### EXERCISE REQUIREMENTS:
Return verbatim the lines that run from the one holding "How to Cook" to the end of the listing, both ends included, without the pictures.

### SUPPLIED DATA:
____
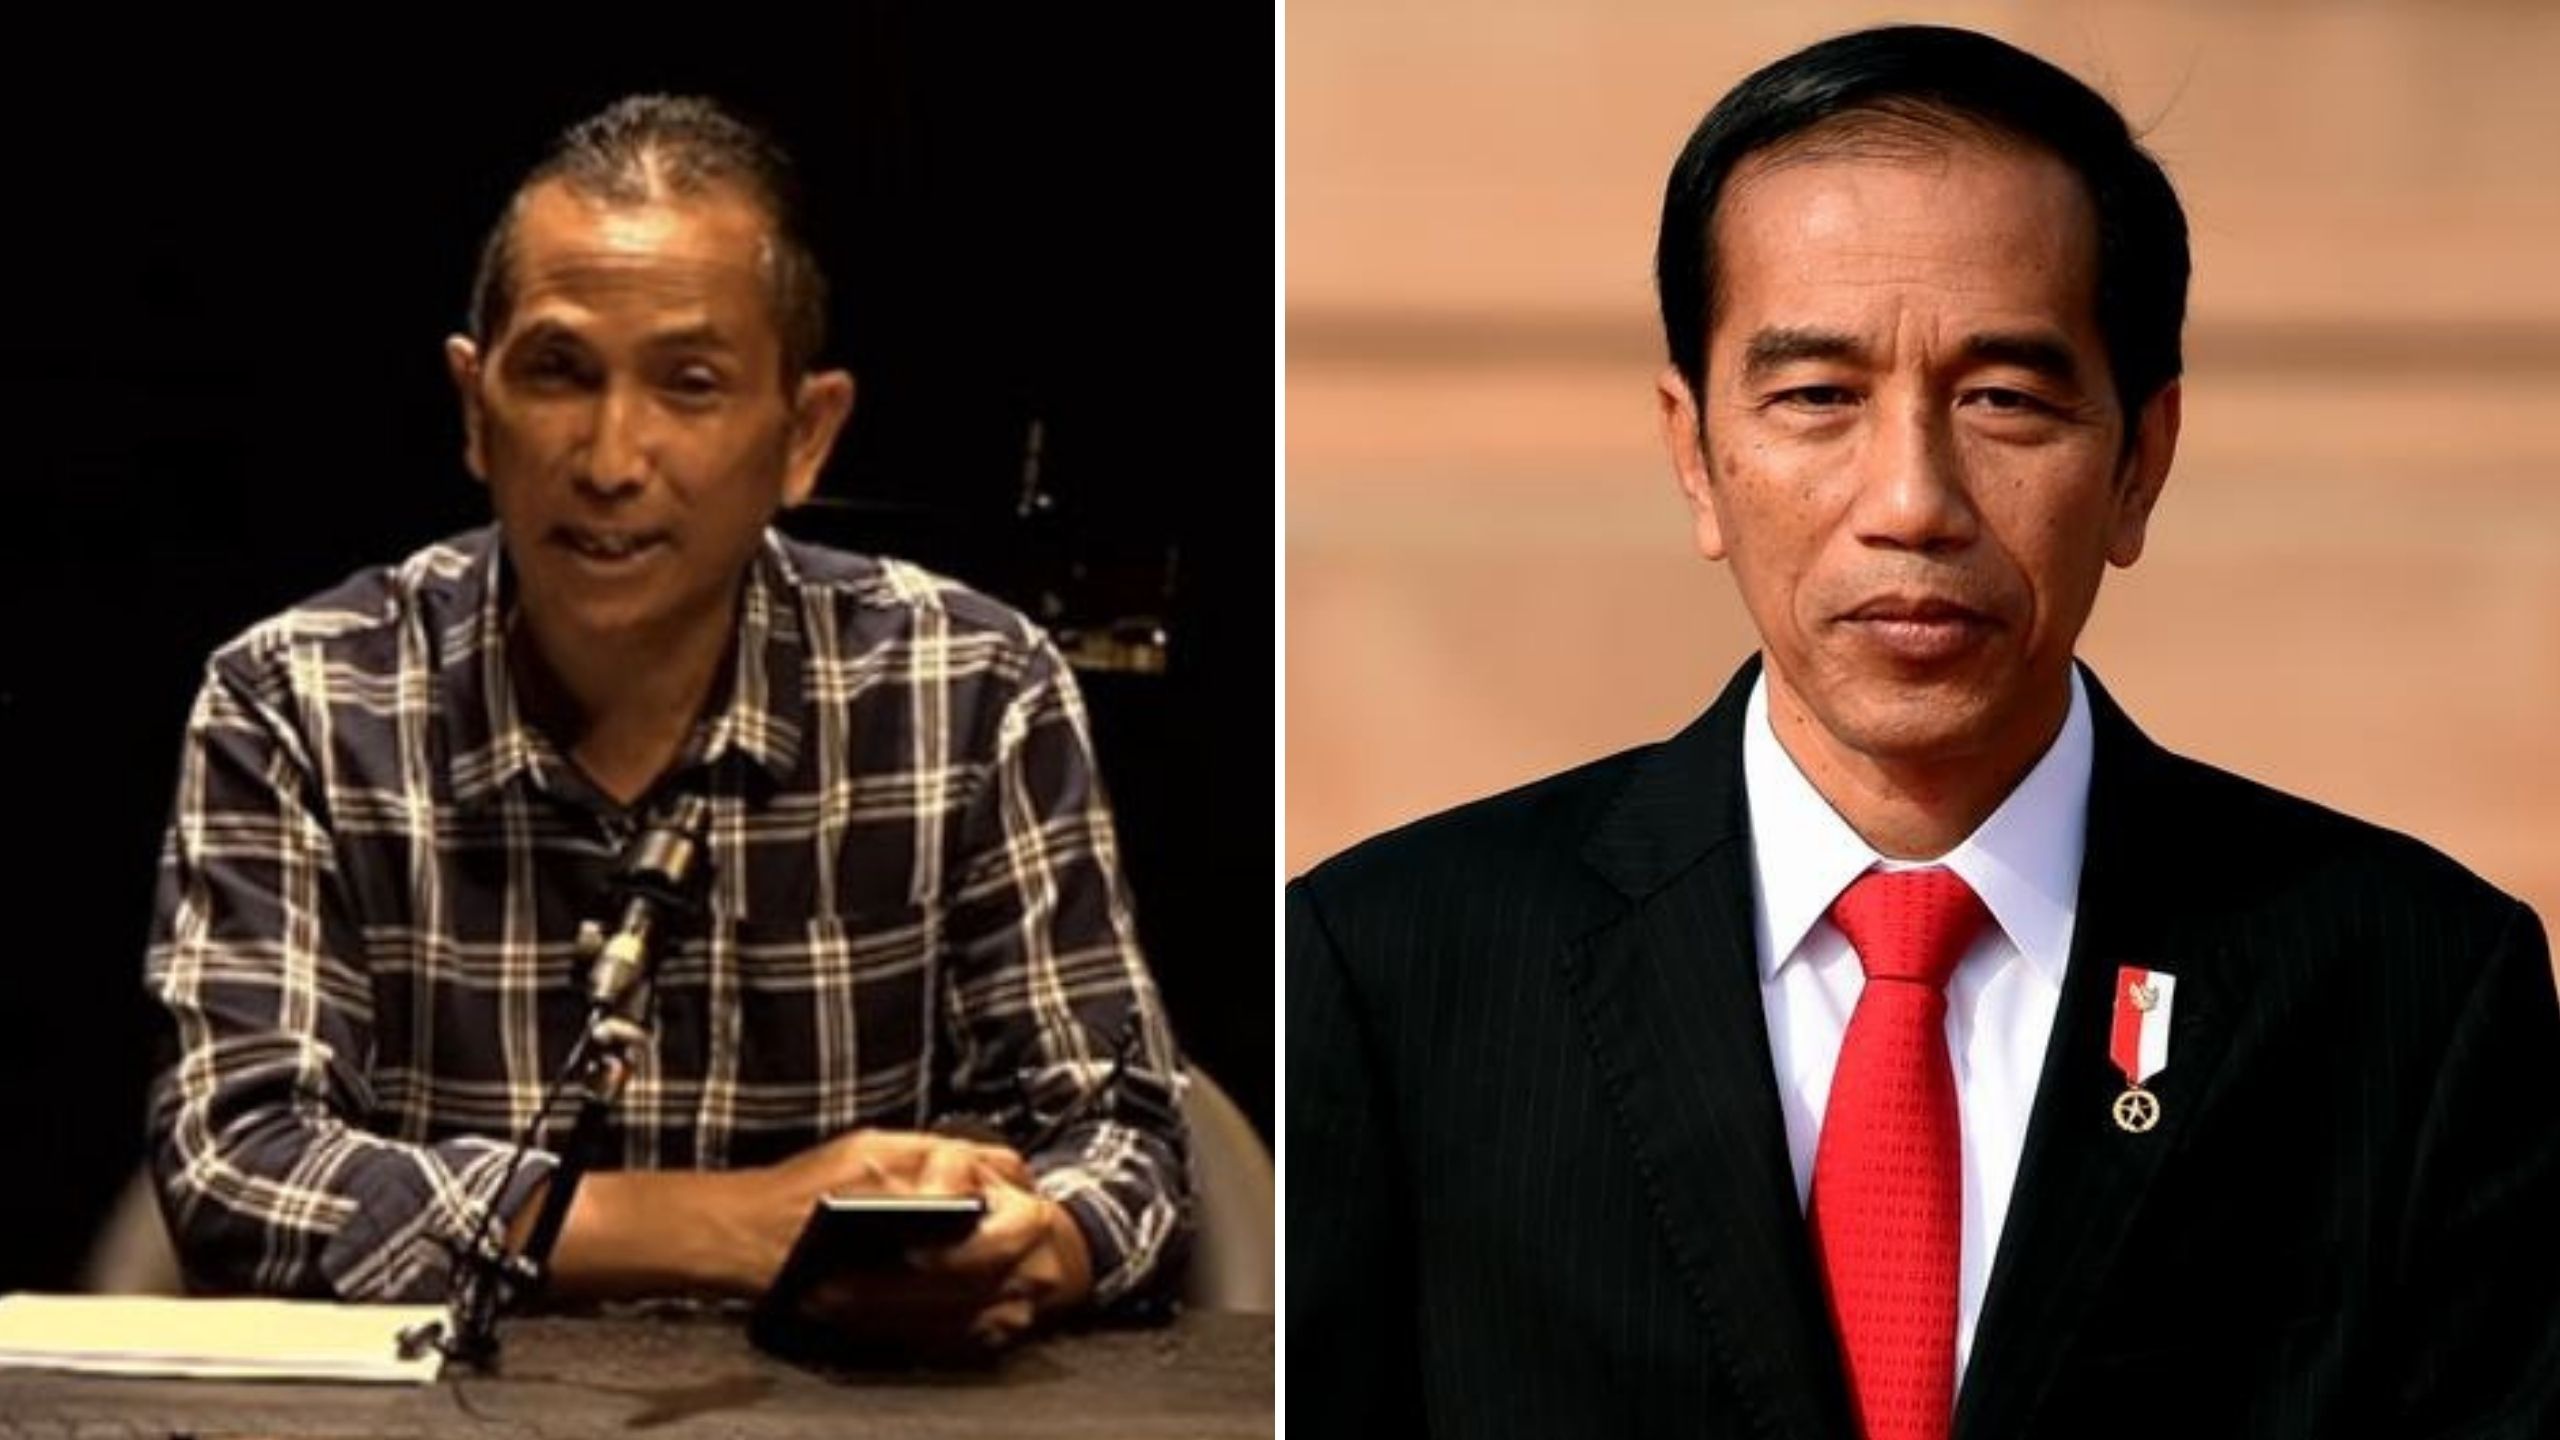 Heran Jokowi 'Tumbalkan' Menteri Soal Kisruh Harga Migor & Pertamax, Hersubeno Arief: Dia Sendiri ke Mana Aja?
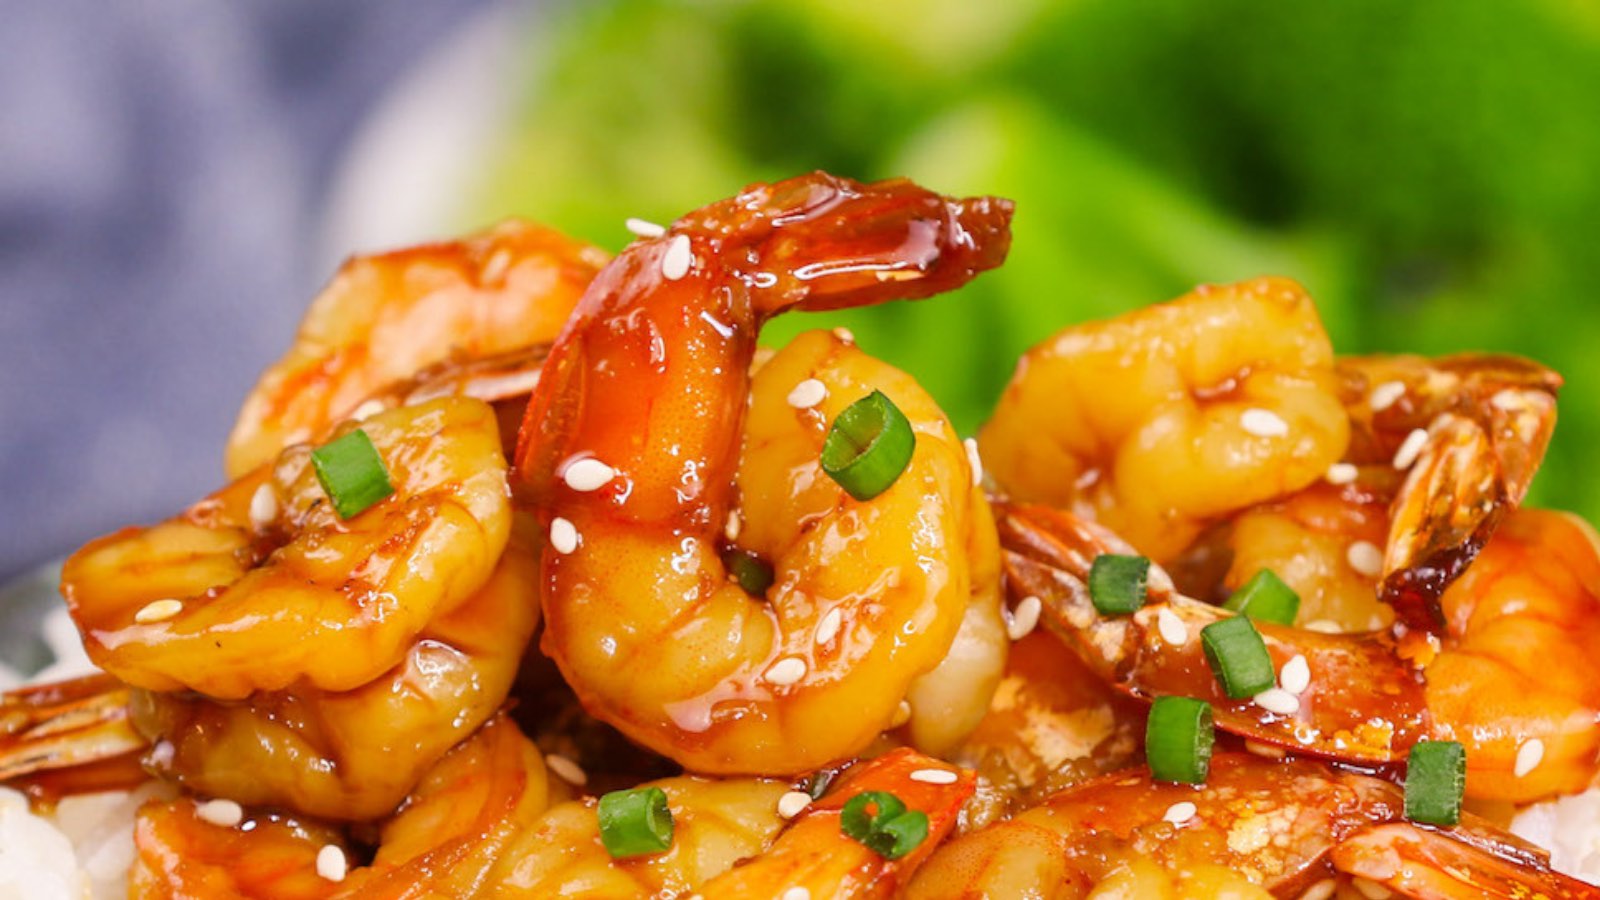 How to Cook Frozen Shrimp (Easy Methods For Frozen Shrimp) - IzzyCooking
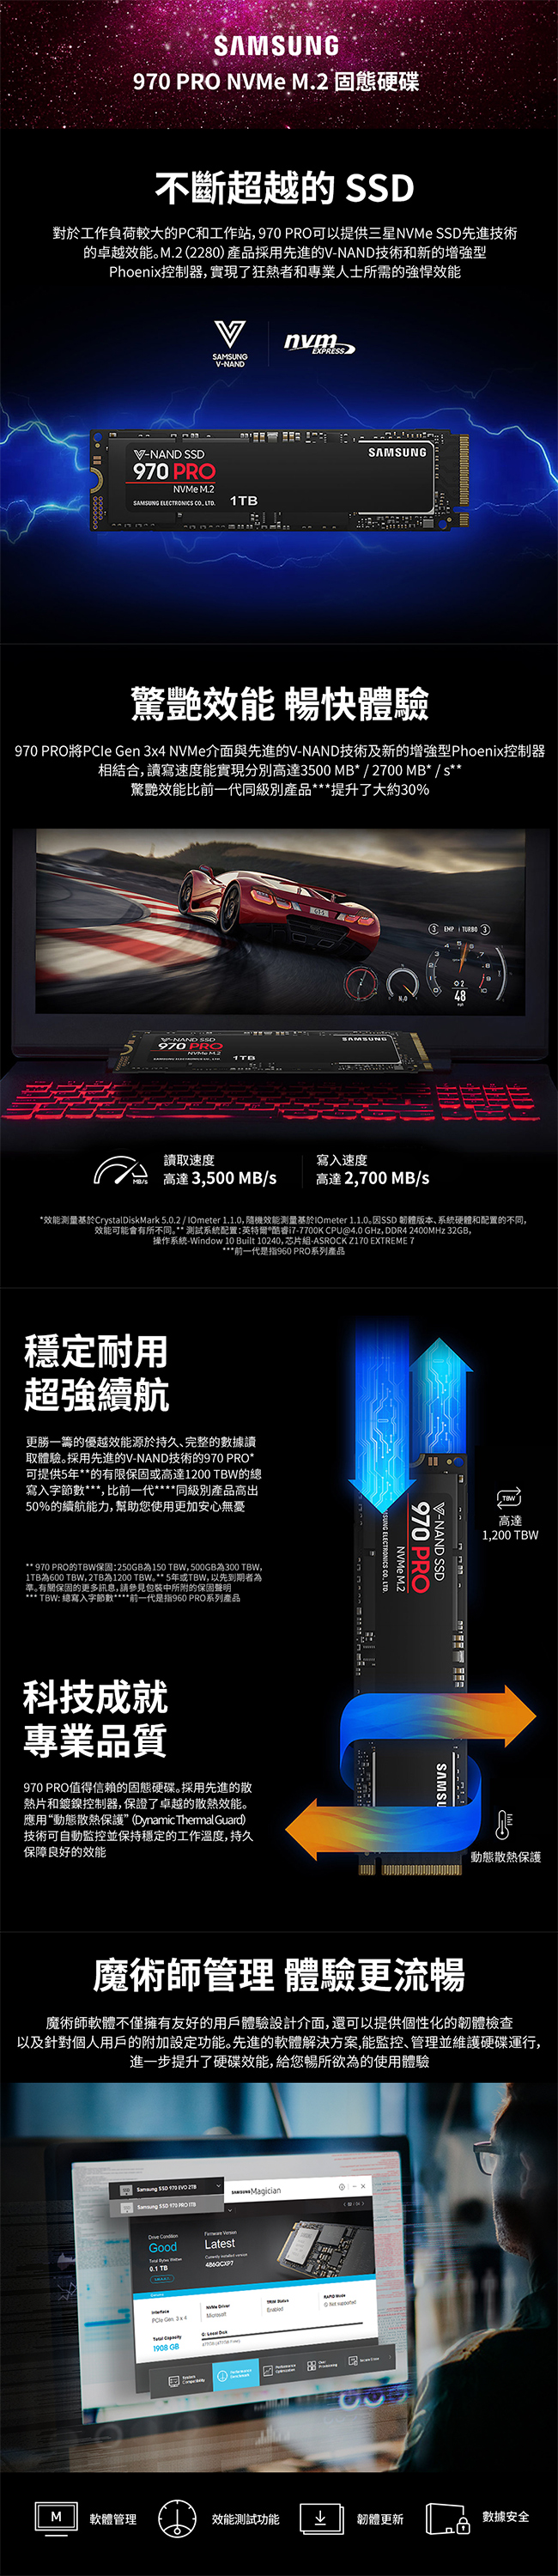 Samsung 970 PRO 1TB SSD固態硬碟
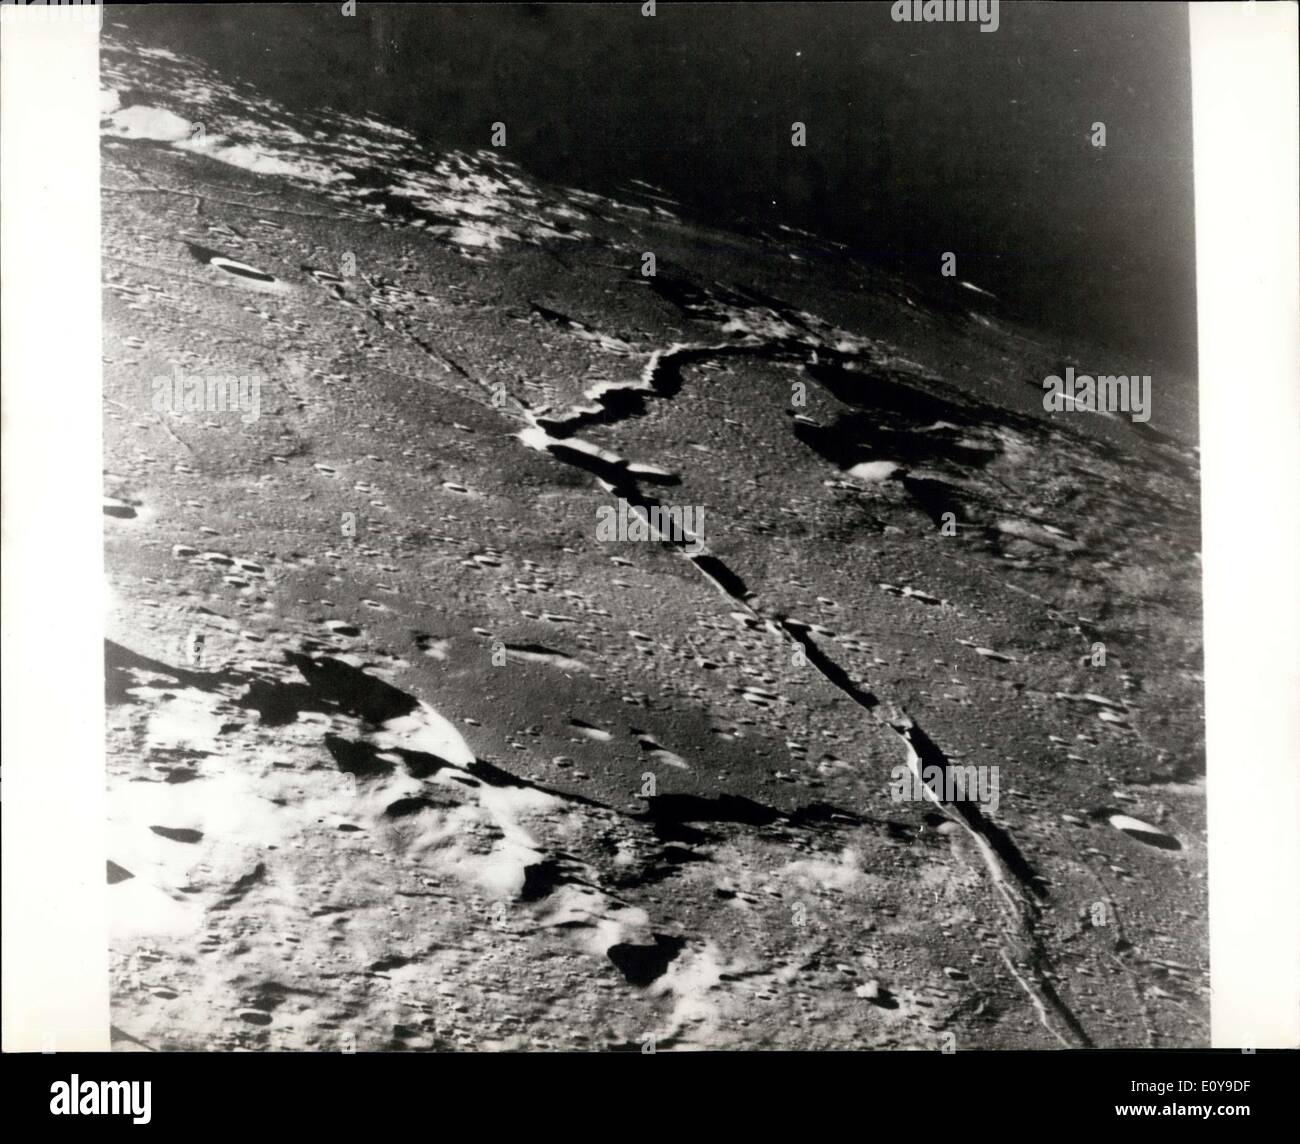 30 maggio 1969 - La Luna di terreno come si vede dall'Apollo 10 astronauti questo Apollo 10 obliqua vista telefono è centrata sul cratere Hyginus vicino a nord - est di margine di Baia centrale (fermo immagine con sky in alto). Il cratere si trova a circa dieci chilometri (6 1/2 statua miglia) di diametro. Dal cratere del prominente Hyginus Rille si estende a est - Sud-est verso la telecamera e il nord - ovest verso il mare di vapori. Il Rille è di circa 3 chilometri ( 2 statua miglia) ampia e più di venti chilometri (130 statua miglia) di lunghezza Foto Stock
____
### RESPONSE TO THIS TASK:
 How to Cook Frozen Shrimp (Easy Methods For Frozen Shrimp) - IzzyCooking
 Samsung 970 PRO 1TB SSD固態硬碟
 30 maggio 1969 - La Luna di terreno come si vede dall'Apollo 10 astronauti questo Apollo 10 obliqua vista telefono è centrata sul cratere Hyginus vicino a nord - est di margine di Baia centrale (fermo immagine con sky in alto). Il cratere si trova a circa dieci chilometri (6 1/2 statua miglia) di diametro. Dal cratere del prominente Hyginus Rille si estende a est - Sud-est verso la telecamera e il nord - ovest verso il mare di vapori. Il Rille è di circa 3 chilometri ( 2 statua miglia) ampia e più di venti chilometri (130 statua miglia) di lunghezza Foto Stock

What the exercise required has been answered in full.